If a situation of force majeure arises as a result of which Edvisory cannot fulfil one or more obligations towards the Customer, these obligations will be suspended until Edvisory can comply with it.

From the moment that a force majeure situation has lasted at least 30 calendar days, both parties may dissolve the agreement in writing in whole or in part.

Edvisory does not owe any (damage) compensation in a situation of force majeure, even if it has obtained any advantages as a result of the force majeure situation.

Modification of the agreement

If, after the conclusion of the agreement and before its implementation, it appears necessary to change or supplement its contents, the parties shall timely and in mutual consultation adjust the agreement accordingly.

Transfer of rights

The Customer cannot transfer its rights deferring from an agreement with Edvisory to third parties without the prior written consent of Edvisory, which will not be unreasonably be withheld.

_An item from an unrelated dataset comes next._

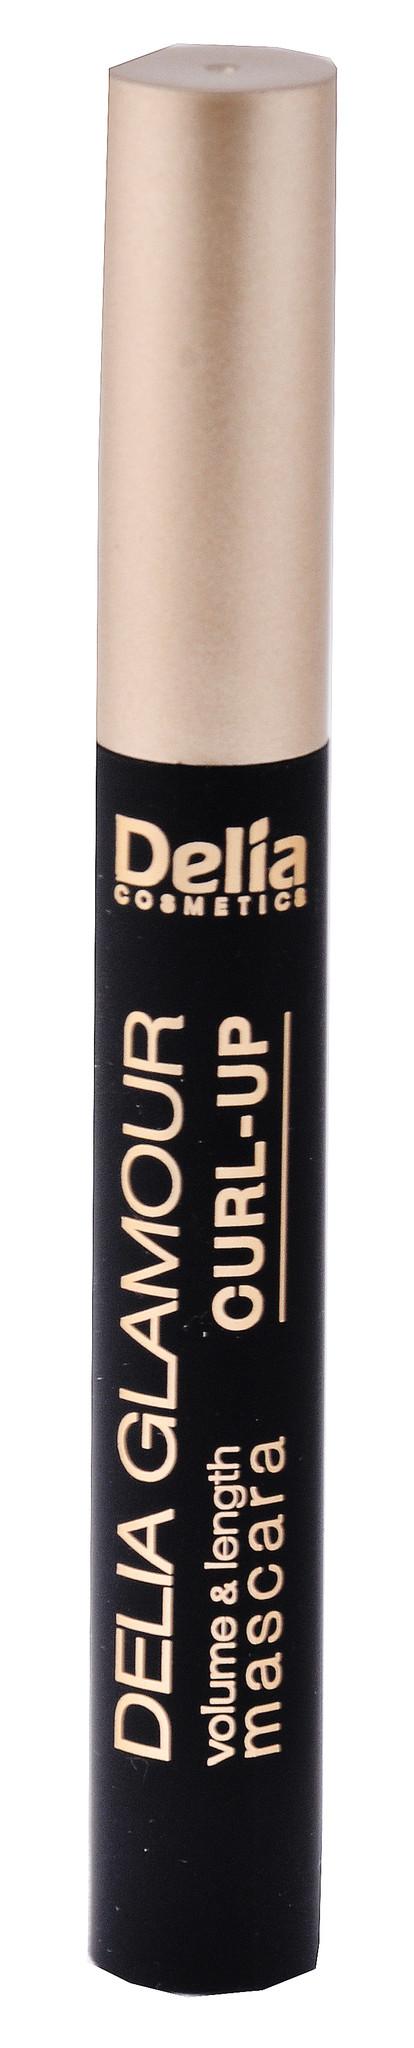 "Тушь для ресниц ""Delia"" New Look Mascara Volume (12ml)"

This provision applies as a clause with a property law effect as referred to in Section 3:83 (2) Dutch Civil Code.

Consequences of nullity or annullability

If one or more provisions of these general terms and conditions prove null or annullable, this will not affect the other provisions of these terms and conditions.

A provision that is null or annullable shall, in that case, be replaced by a provision that comes closest to what Edvisory had in mind when drafting the conditions on that issue.

Applicable law and competent court

Dutch law is exclusively applicable to all agreements between the parties.

The Dutch court in the district where Edvisory is established is exclusively competent in case of any disputes between parties, unless the law prescribes otherwise.